What to work on
An exact copy of the lines from the one containing "Abstrakti auringonlasku - Canvastaulu" through the last line below is required; include both of those lines and no others.

Information shown
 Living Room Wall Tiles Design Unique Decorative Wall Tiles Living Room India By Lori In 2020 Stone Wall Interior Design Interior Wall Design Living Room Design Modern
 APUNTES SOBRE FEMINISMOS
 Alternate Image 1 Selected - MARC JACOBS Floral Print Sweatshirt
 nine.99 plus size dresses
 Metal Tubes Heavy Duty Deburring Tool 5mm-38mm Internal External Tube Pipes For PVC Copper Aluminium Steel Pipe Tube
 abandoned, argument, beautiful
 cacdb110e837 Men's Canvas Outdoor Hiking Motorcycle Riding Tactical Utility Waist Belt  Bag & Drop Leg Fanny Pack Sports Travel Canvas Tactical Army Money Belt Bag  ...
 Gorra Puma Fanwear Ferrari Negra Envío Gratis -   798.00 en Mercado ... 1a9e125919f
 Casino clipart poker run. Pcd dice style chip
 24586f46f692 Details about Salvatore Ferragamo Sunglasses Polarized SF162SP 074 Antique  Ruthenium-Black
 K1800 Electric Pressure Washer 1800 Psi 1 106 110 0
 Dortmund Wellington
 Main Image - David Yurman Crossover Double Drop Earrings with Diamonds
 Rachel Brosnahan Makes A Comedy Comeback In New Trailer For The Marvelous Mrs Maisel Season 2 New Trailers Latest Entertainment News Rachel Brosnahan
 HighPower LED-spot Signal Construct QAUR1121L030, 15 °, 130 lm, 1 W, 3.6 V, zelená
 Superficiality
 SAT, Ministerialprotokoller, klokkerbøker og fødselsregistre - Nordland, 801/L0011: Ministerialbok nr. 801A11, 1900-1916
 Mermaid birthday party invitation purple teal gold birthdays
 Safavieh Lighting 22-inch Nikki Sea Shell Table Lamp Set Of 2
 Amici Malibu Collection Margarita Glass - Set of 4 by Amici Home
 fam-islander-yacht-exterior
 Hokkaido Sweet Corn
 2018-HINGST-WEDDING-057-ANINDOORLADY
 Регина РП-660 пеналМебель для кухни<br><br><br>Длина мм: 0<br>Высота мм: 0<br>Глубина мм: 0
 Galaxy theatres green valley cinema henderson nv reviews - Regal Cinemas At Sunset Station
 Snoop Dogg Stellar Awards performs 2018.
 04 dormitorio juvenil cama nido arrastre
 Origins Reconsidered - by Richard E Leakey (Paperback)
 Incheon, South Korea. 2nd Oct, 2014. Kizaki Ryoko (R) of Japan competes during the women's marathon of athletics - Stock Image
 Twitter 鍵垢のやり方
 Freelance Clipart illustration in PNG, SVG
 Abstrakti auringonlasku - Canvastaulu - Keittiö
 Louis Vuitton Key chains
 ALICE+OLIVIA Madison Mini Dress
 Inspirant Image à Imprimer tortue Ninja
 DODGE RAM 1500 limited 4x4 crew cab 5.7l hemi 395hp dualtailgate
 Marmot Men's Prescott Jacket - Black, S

Completed task
 Abstrakti auringonlasku - Canvastaulu - Keittiö
 Louis Vuitton Key chains
 ALICE+OLIVIA Madison Mini Dress
 Inspirant Image à Imprimer tortue Ninja
 DODGE RAM 1500 limited 4x4 crew cab 5.7l hemi 395hp dualtailgate
 Marmot Men's Prescott Jacket - Black, S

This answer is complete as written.